Give again, unaltered, the lines of the listing below that run from the line having "Saturn as seen" through the line having "WISER Wisconsin Internet".

[Given records]
· · ·

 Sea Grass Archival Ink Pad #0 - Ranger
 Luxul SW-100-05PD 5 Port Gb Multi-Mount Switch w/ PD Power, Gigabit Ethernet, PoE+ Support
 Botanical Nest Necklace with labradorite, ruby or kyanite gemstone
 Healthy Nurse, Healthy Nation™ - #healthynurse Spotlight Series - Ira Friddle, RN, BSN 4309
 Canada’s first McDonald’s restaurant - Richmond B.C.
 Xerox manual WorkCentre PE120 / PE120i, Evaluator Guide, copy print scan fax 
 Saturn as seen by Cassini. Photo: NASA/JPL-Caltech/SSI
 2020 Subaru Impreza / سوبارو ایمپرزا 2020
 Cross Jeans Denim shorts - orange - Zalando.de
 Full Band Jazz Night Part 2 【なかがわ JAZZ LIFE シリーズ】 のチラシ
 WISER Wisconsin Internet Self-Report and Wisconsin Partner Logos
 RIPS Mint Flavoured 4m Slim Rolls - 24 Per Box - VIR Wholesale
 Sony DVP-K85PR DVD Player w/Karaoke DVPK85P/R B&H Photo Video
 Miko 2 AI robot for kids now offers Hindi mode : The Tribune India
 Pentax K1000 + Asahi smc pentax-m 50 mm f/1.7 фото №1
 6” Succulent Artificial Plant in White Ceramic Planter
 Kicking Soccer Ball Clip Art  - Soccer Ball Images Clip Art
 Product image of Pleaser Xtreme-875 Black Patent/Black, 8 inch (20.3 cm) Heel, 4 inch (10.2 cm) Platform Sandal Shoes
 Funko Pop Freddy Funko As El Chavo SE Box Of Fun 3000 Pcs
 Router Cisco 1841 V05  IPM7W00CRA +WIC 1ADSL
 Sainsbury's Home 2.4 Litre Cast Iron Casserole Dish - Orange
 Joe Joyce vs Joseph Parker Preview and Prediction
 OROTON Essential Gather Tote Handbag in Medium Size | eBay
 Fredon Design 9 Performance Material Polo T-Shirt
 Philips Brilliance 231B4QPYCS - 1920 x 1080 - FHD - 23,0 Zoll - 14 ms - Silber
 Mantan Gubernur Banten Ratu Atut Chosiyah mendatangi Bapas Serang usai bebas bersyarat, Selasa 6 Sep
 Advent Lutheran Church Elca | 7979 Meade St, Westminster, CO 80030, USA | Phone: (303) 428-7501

· · ·

[Problem solution]
 Saturn as seen by Cassini. Photo: NASA/JPL-Caltech/SSI
 2020 Subaru Impreza / سوبارو ایمپرزا 2020
 Cross Jeans Denim shorts - orange - Zalando.de
 Full Band Jazz Night Part 2 【なかがわ JAZZ LIFE シリーズ】 のチラシ
 WISER Wisconsin Internet Self-Report and Wisconsin Partner Logos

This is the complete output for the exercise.